INPUT DATA section start

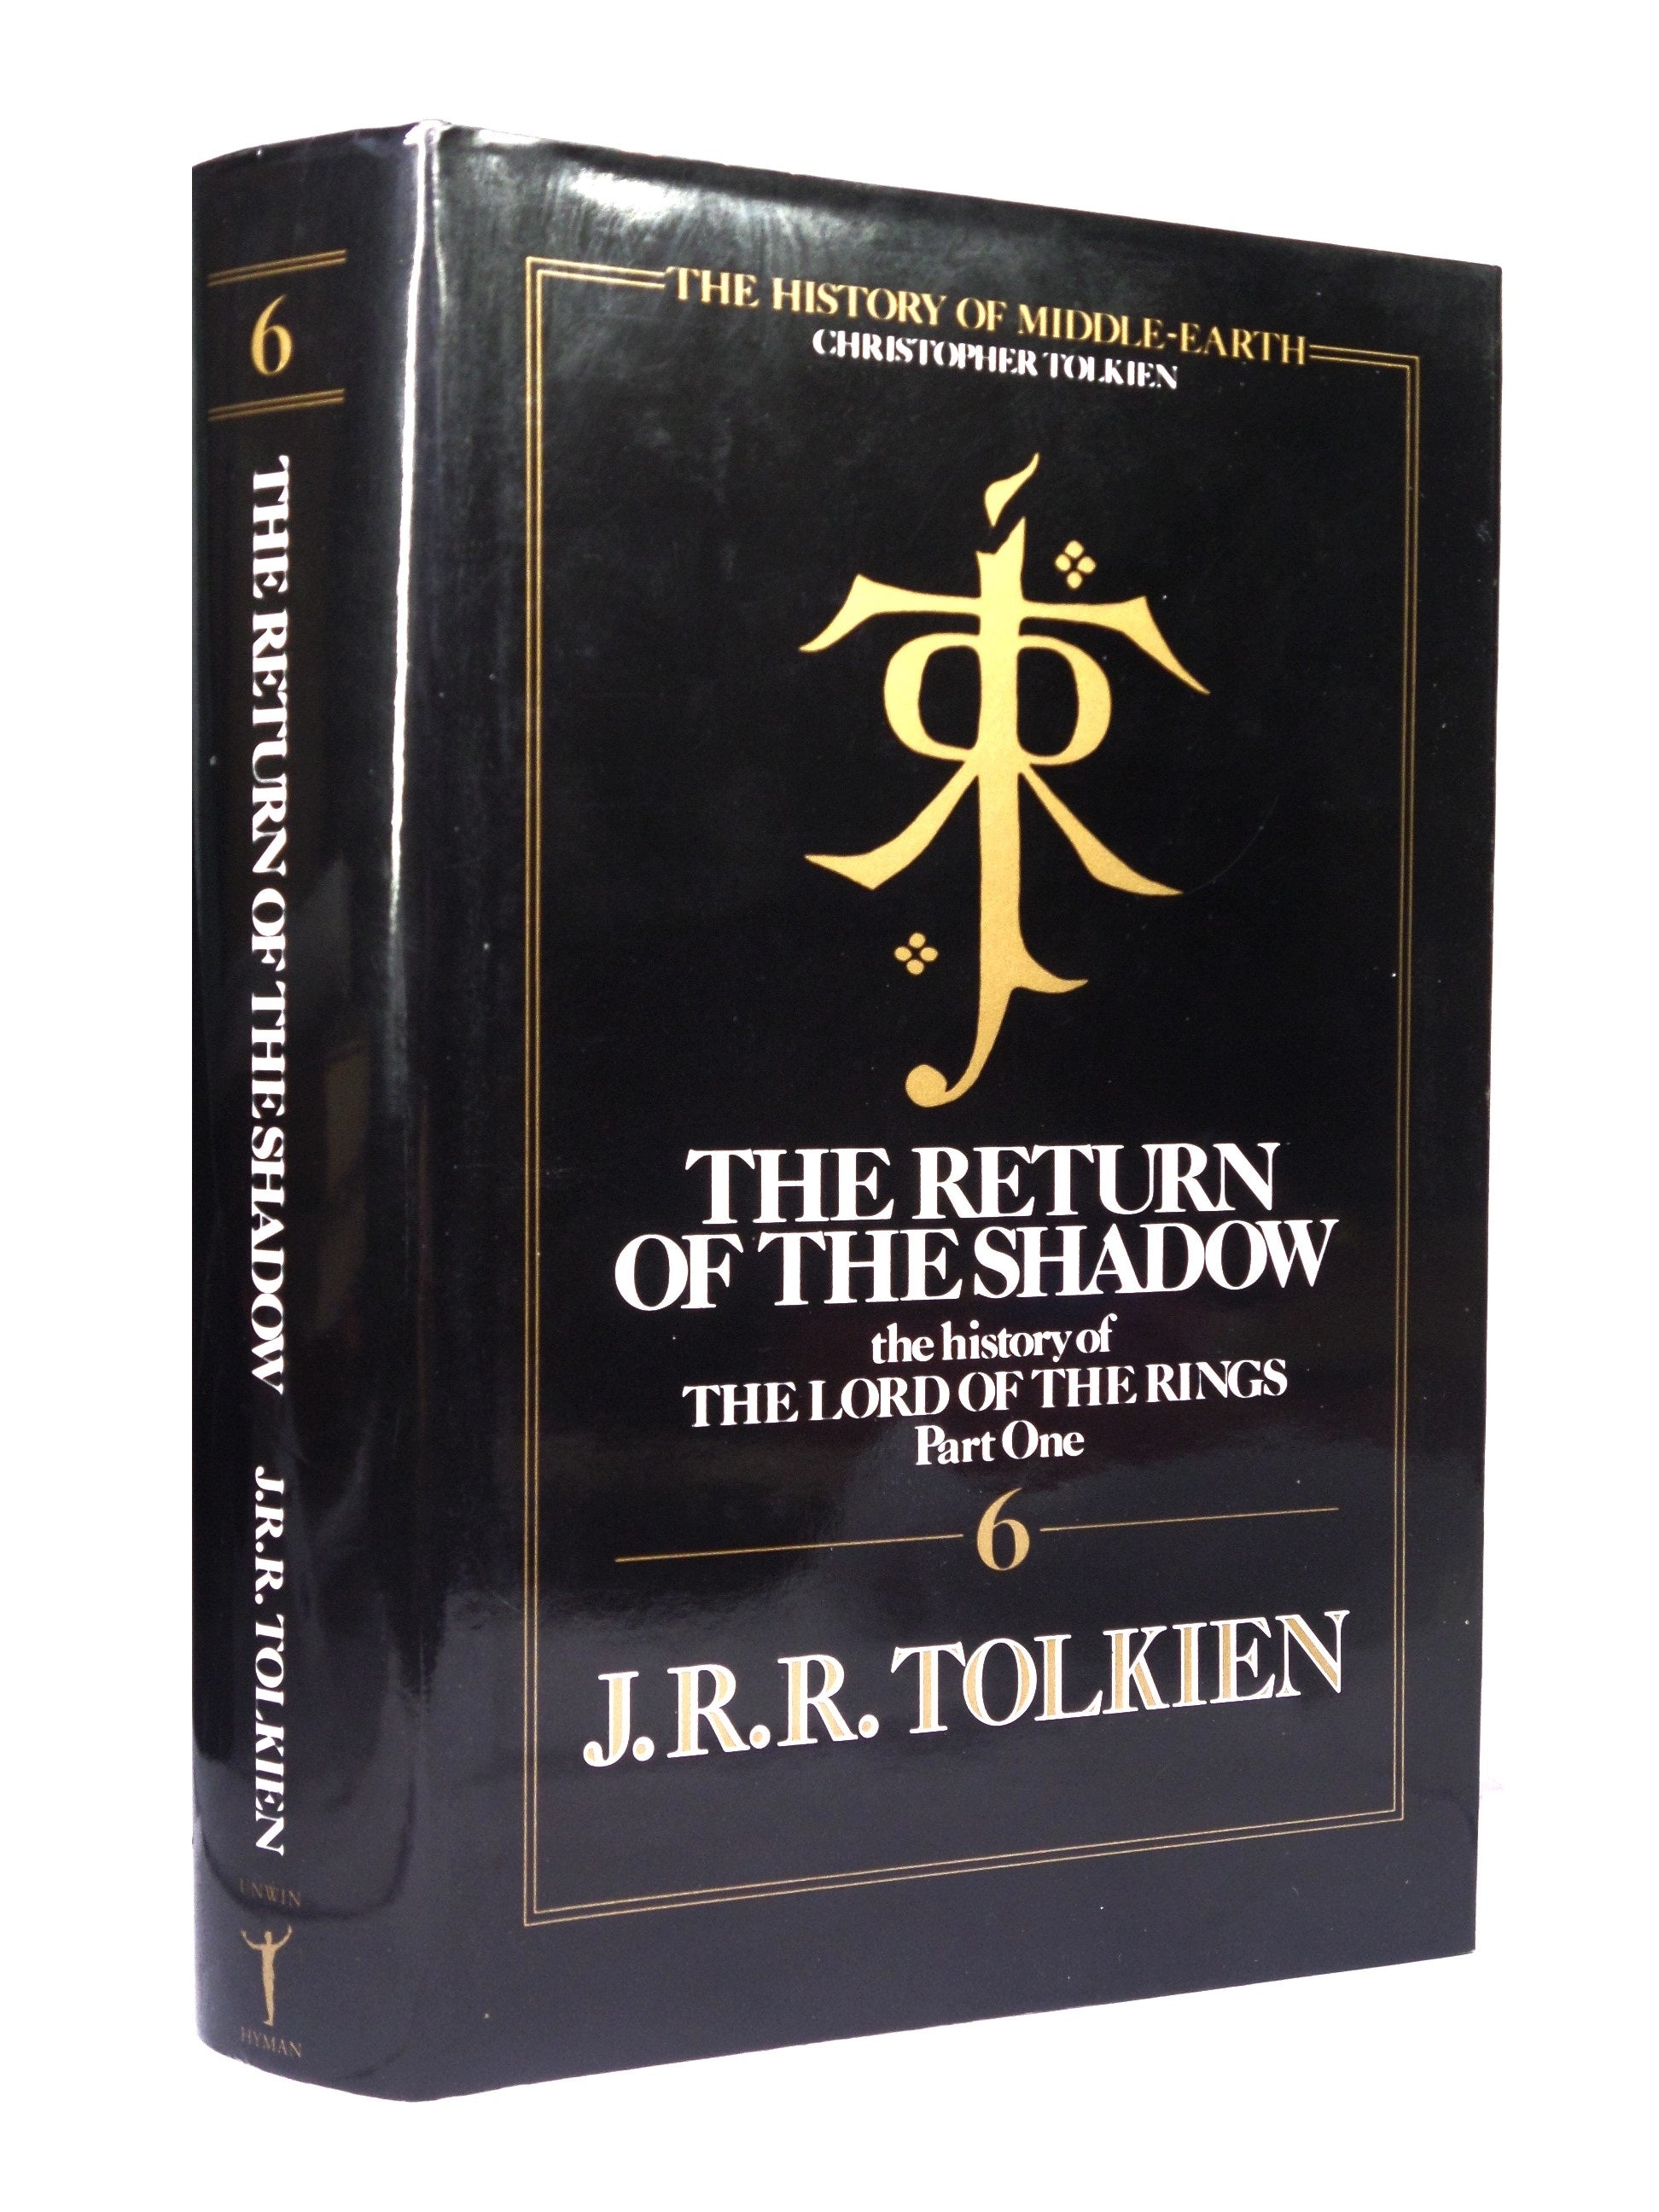 THE RETURN OF THE SHADOW BY J.R.R. TOLKIEN 1989 HARDCOVER
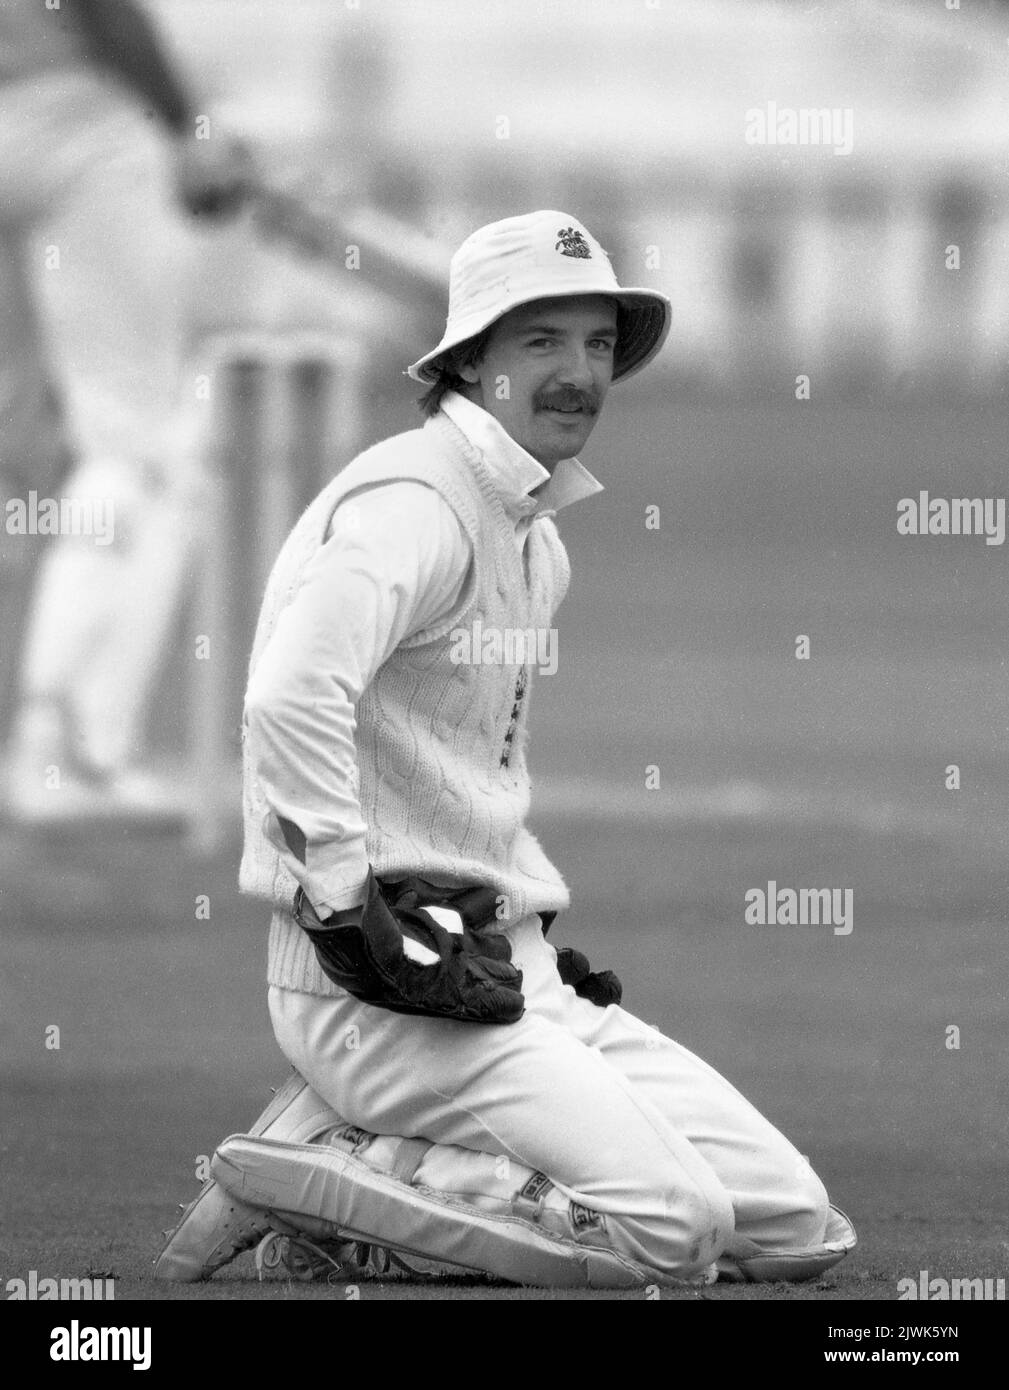 Cricket 2nd Test England versus NewZealand, Lords, 25 June 1990 England wicketkeeper Jack Russell  Photo by Tony Henshaw Stock Photo
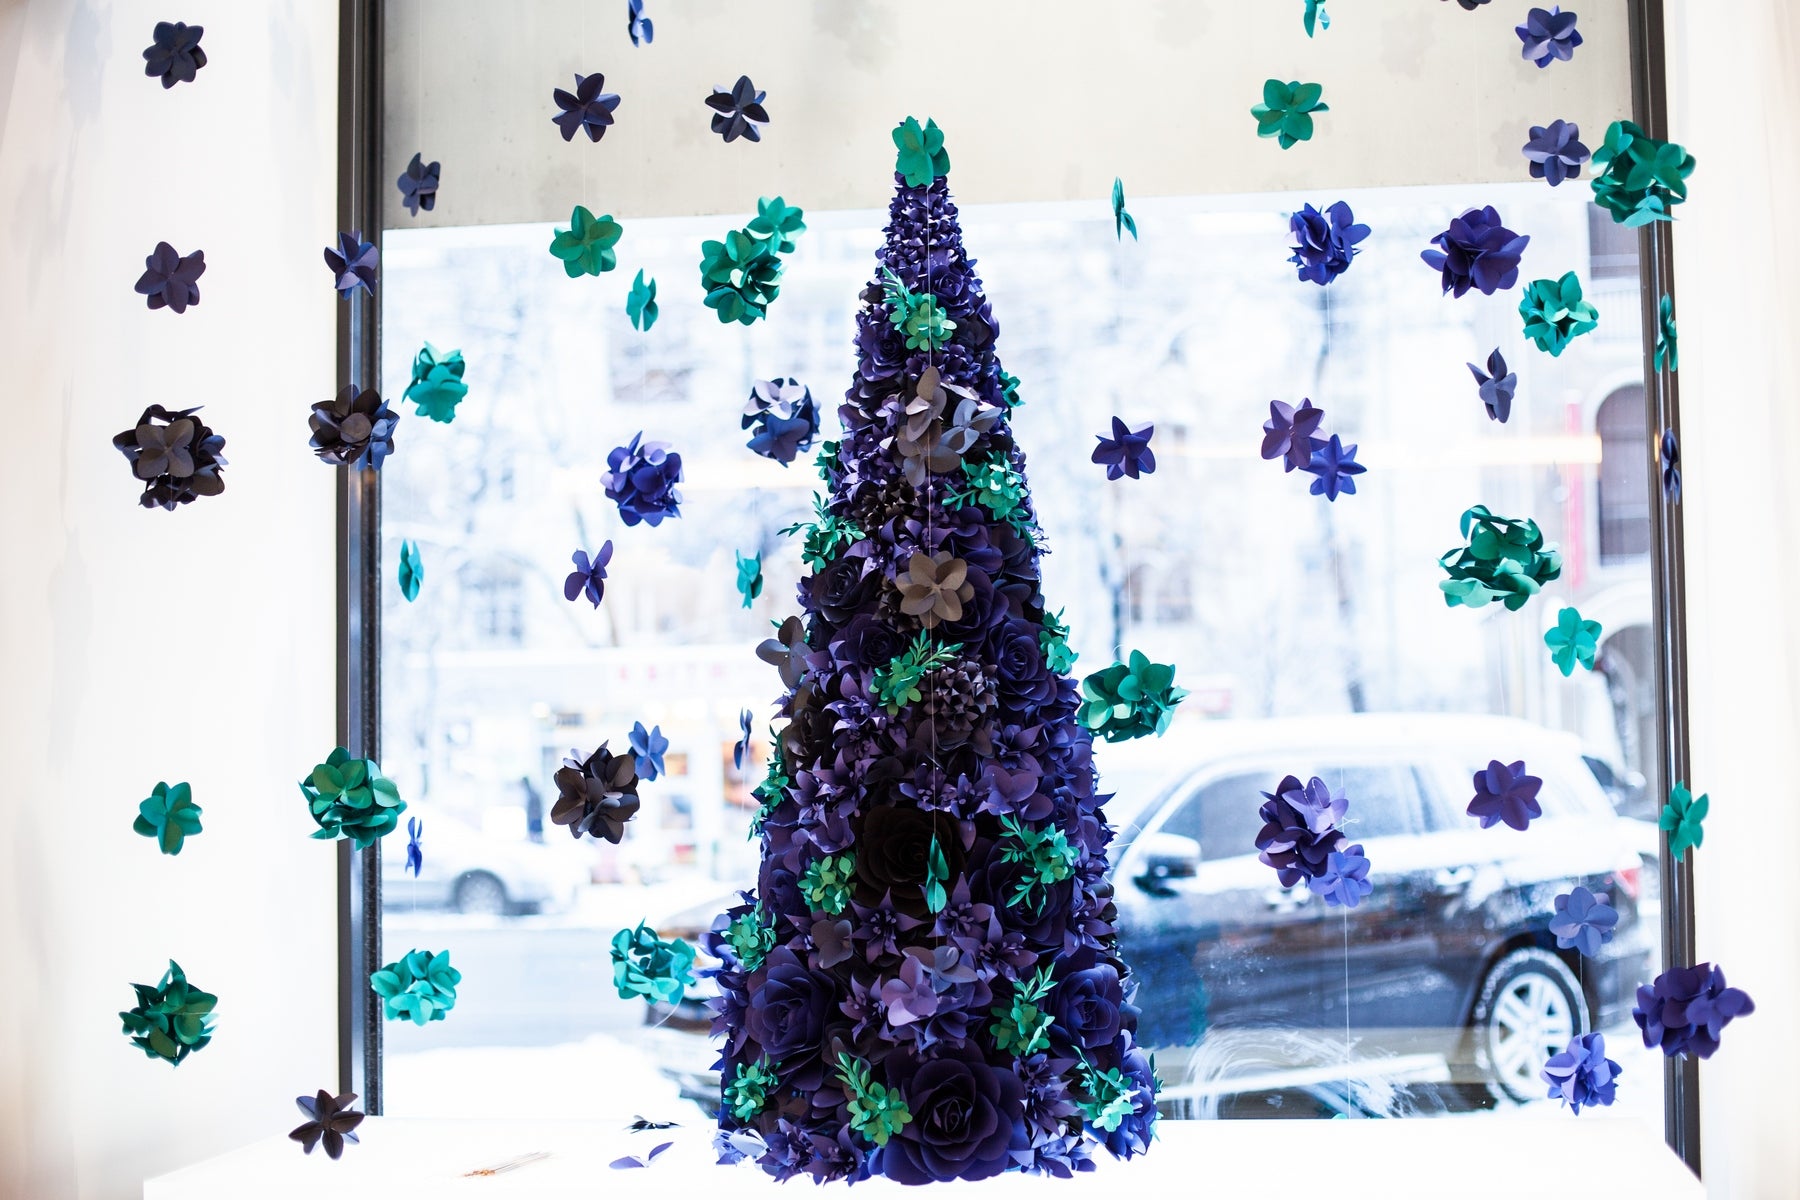 Stunning paper flower Christmas tree with a vibrant color palette of ultramarine blue and turquoise blue, complemented by hanging paper hydrangeas.

INPUT DATA section end

An exact copy is needed of the lines running from the one with "Cricket 2nd Test" through the end of the data above, and of those lines only, without pictures.

 Cricket 2nd Test England versus NewZealand, Lords, 25 June 1990 England wicketkeeper Jack Russell  Photo by Tony Henshaw Stock Photo
 Stunning paper flower Christmas tree with a vibrant color palette of ultramarine blue and turquoise blue, complemented by hanging paper hydrangeas.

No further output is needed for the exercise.